- **Activity**: Exactly reproduce the lines of the listing below from the one containing "Kristy's Proposal Story 2" through the one containing "Unloading the freshly". Skip the images.

- **Data supplied**:
[Start of section]

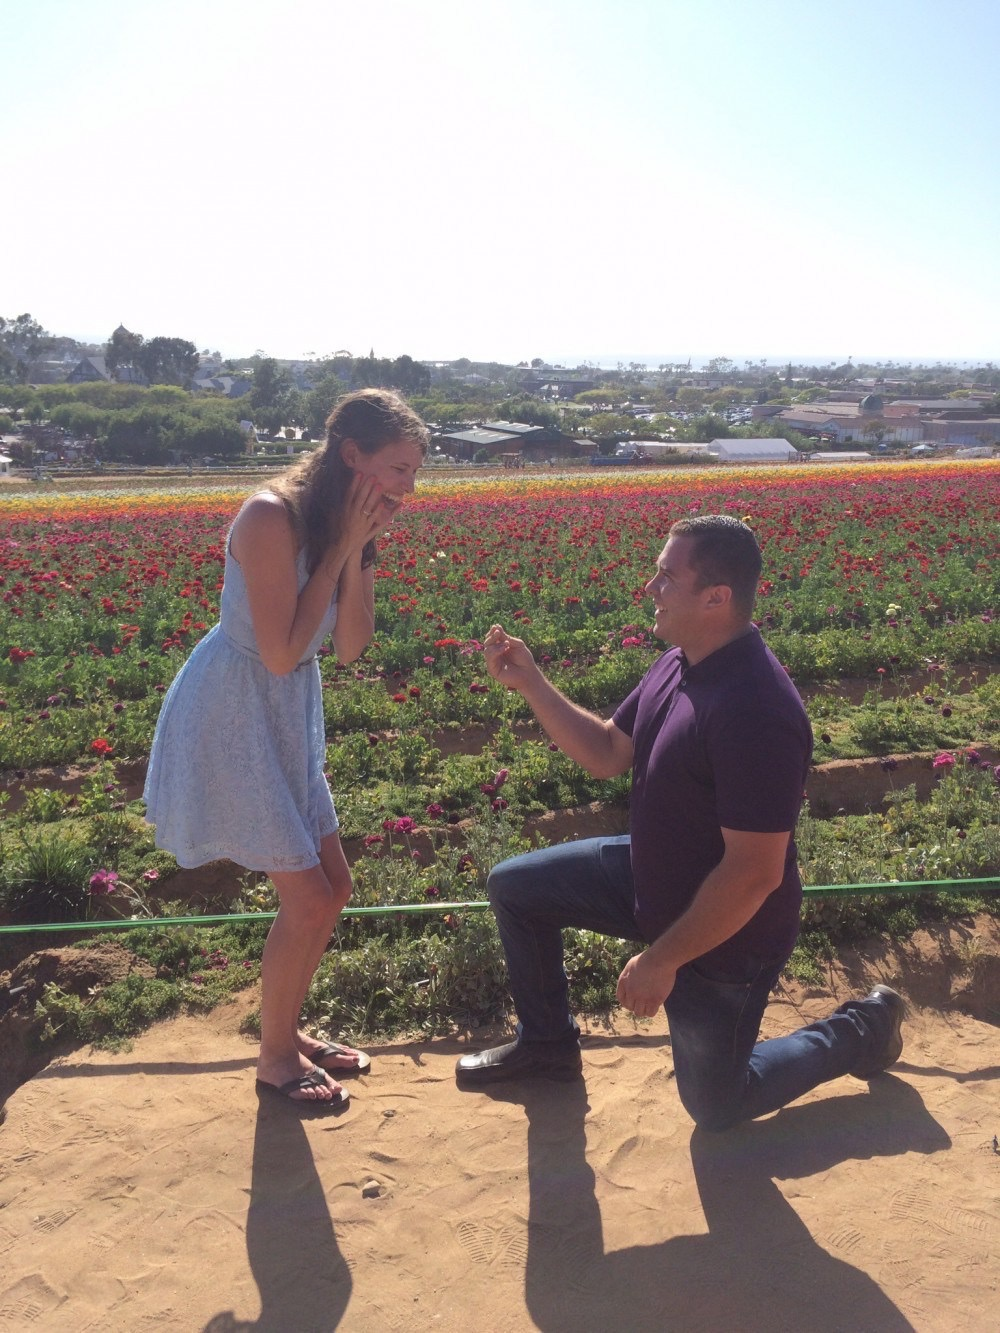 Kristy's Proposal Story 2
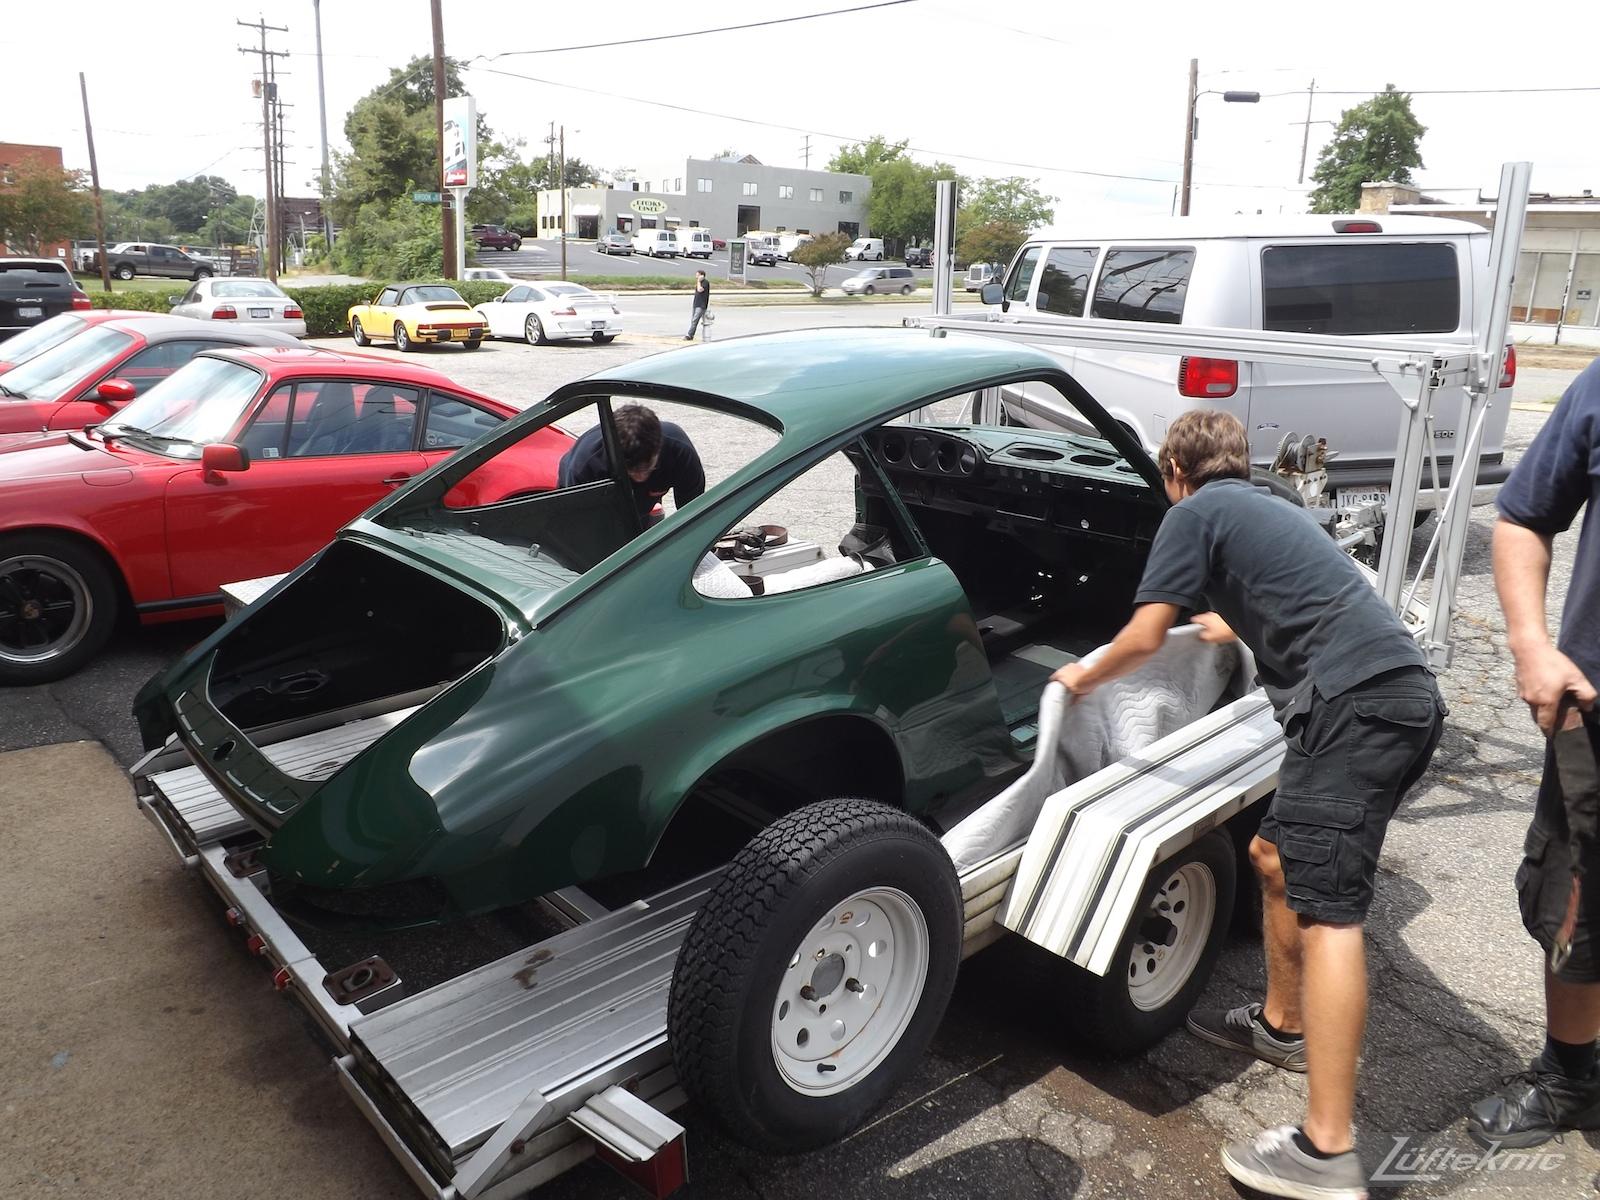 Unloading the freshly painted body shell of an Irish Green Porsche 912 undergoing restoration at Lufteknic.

[End of section]
[Start of section]

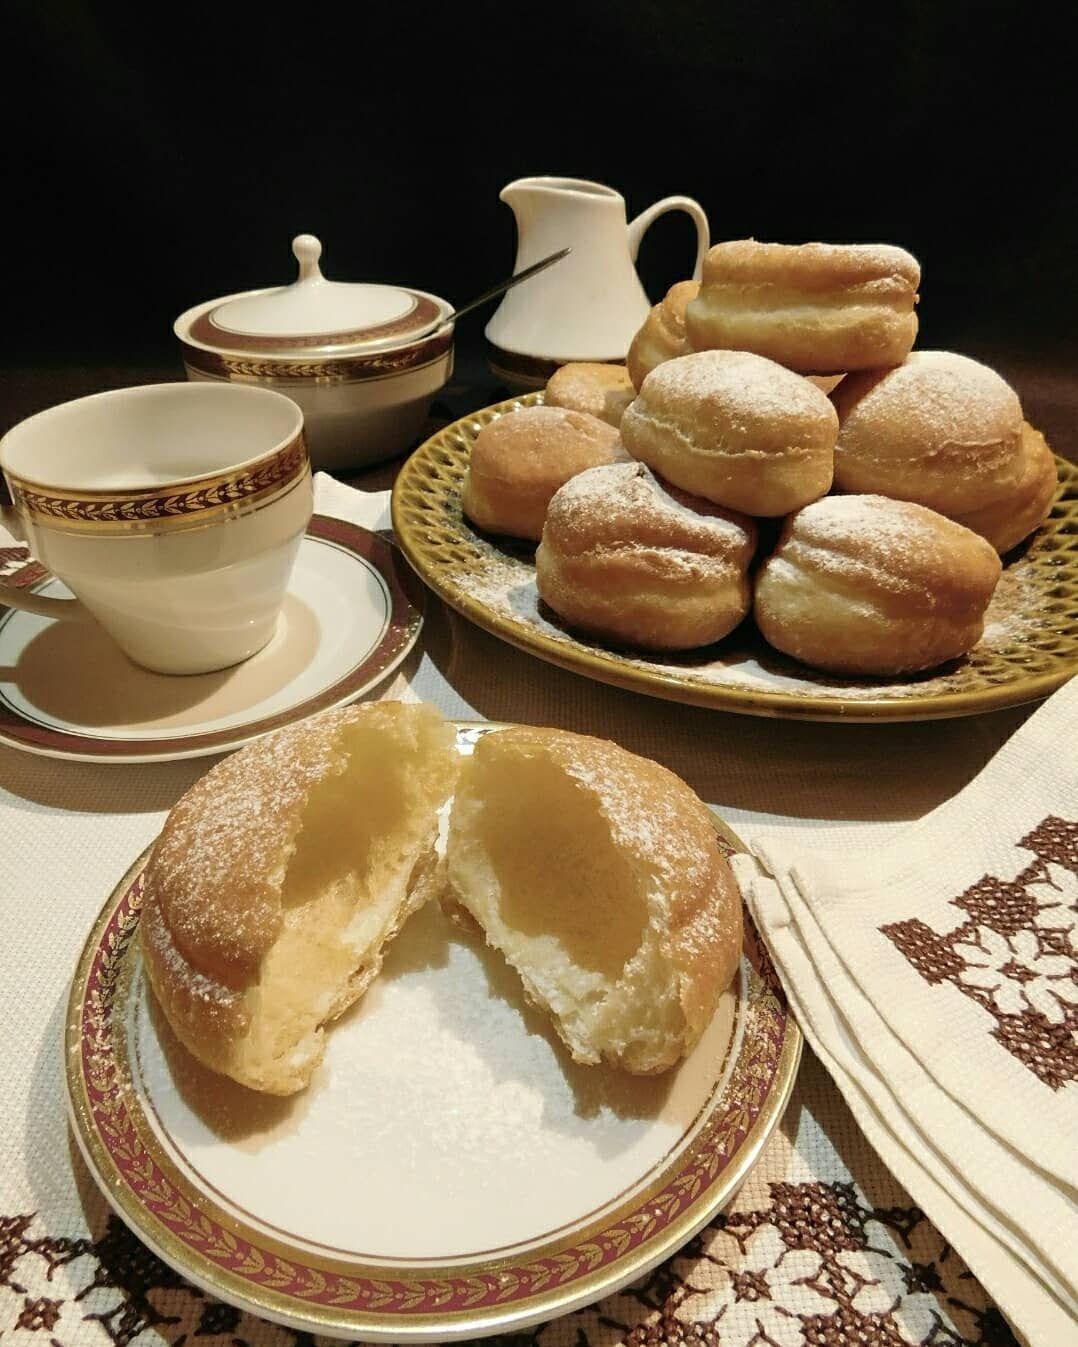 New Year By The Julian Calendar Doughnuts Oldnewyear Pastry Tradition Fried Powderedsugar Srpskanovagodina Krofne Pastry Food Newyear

[End of section]
[Start of section]

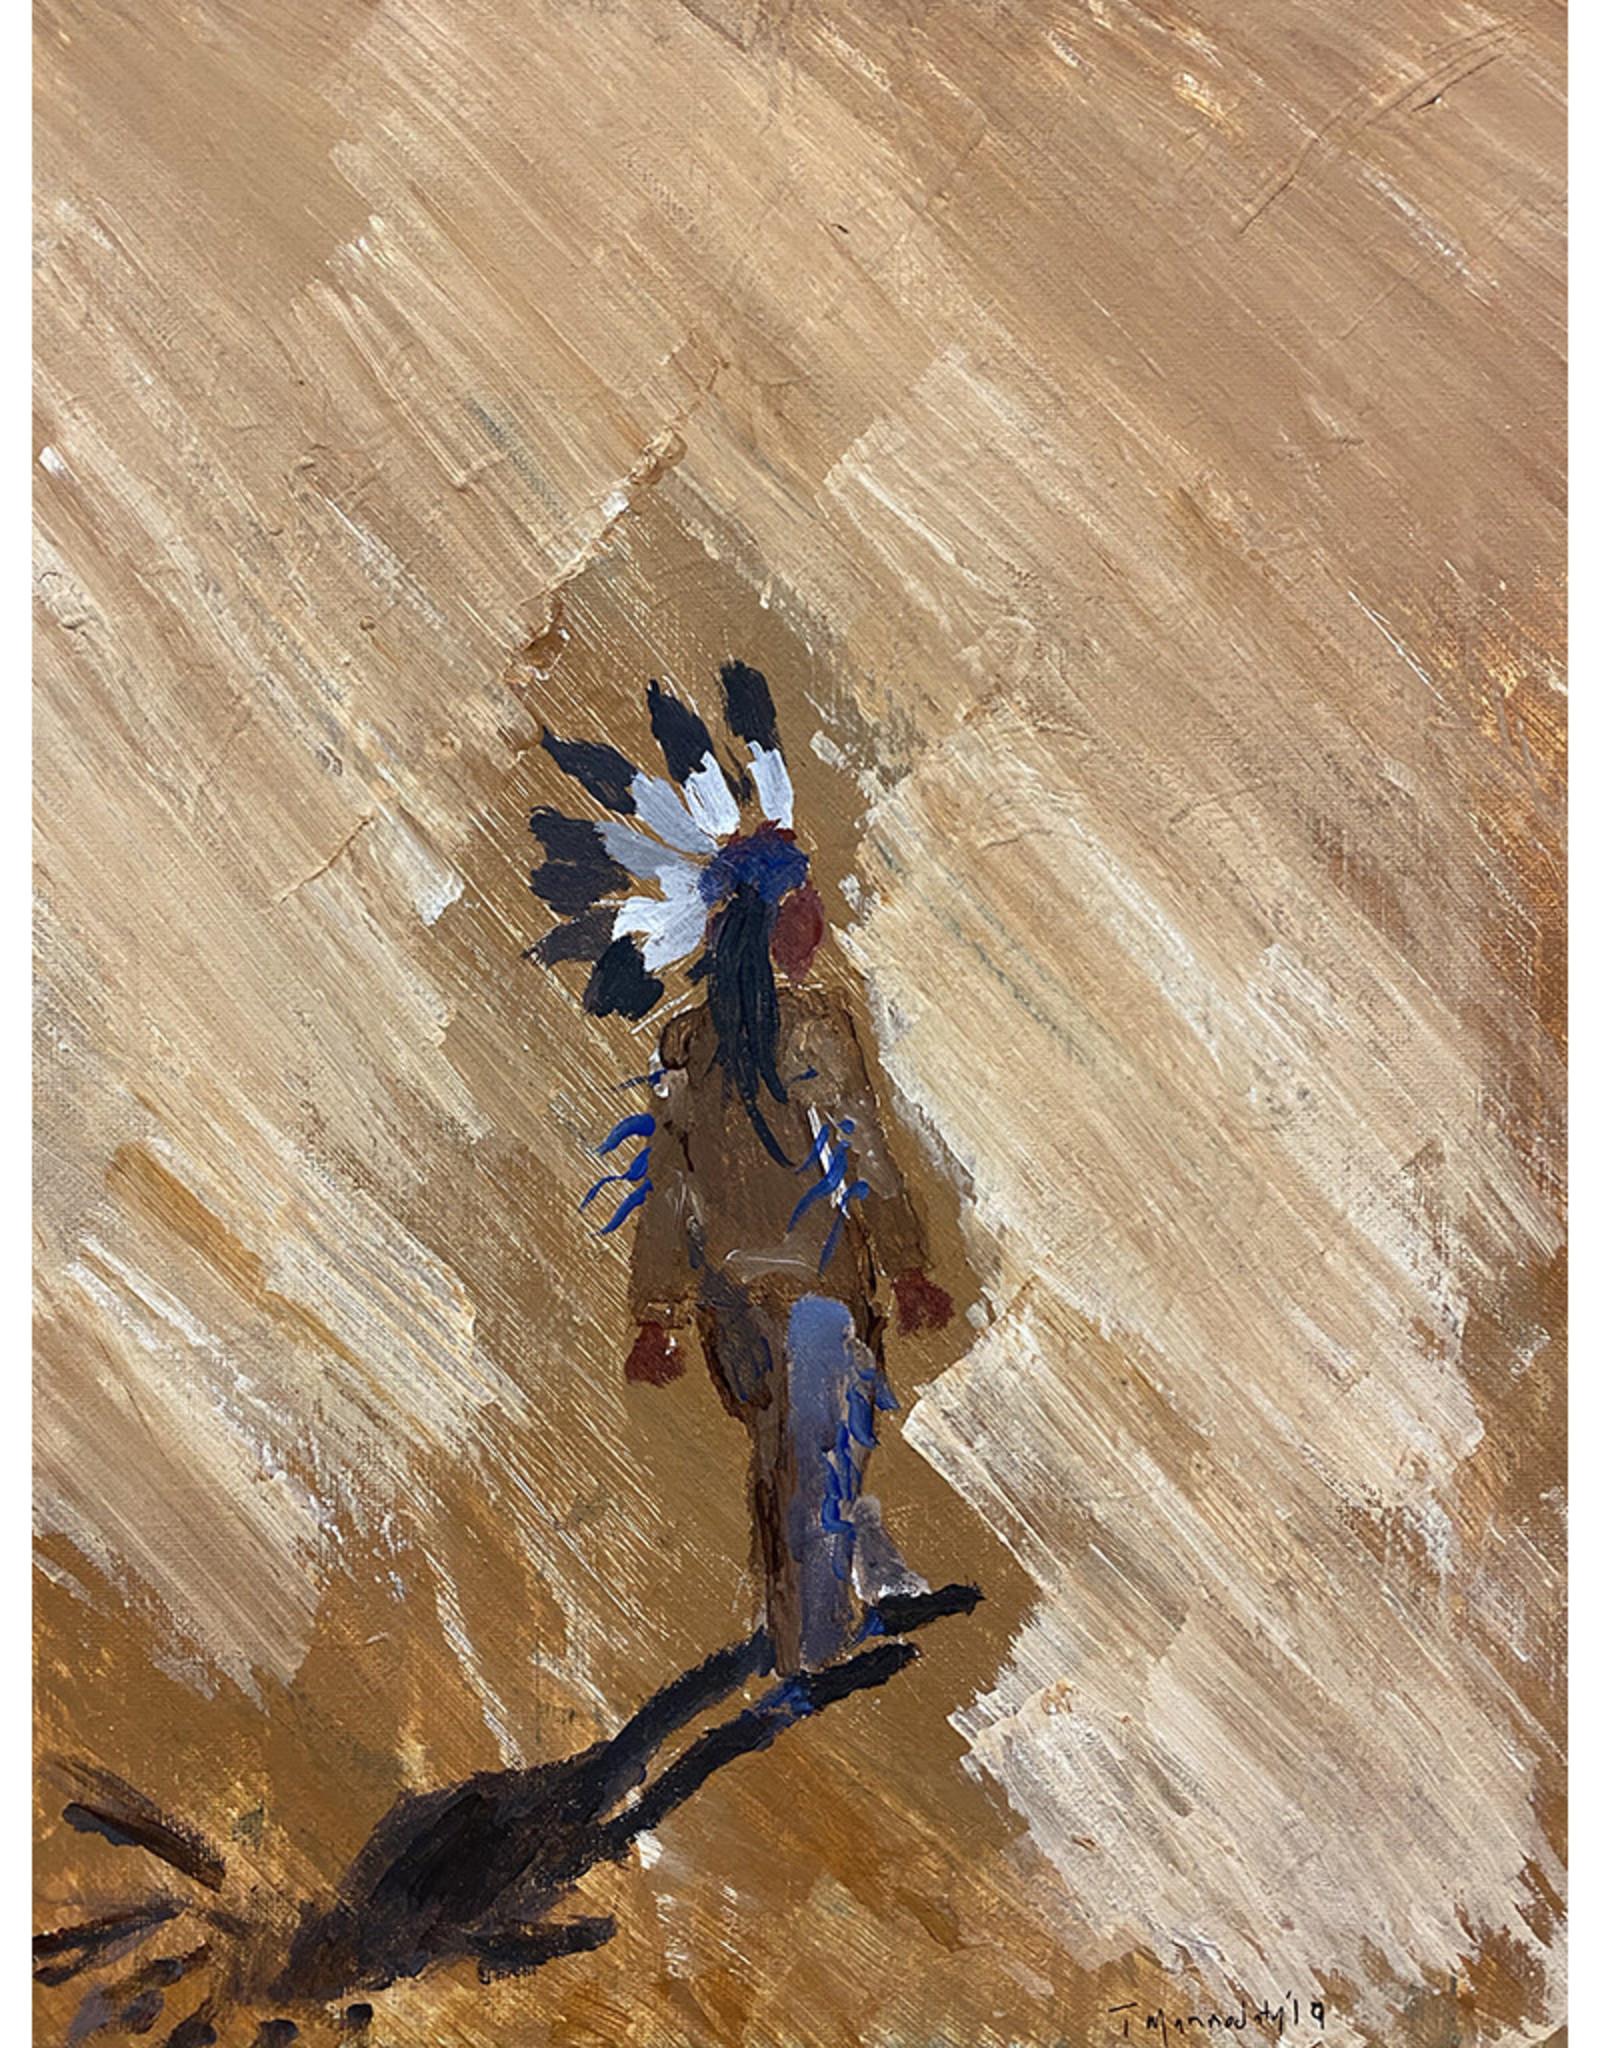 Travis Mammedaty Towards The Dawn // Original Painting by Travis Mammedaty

[End of section]

- **Task response**:
 Kristy's Proposal Story 2
 Unloading the freshly painted body shell of an Irish Green Porsche 912 undergoing restoration at Lufteknic.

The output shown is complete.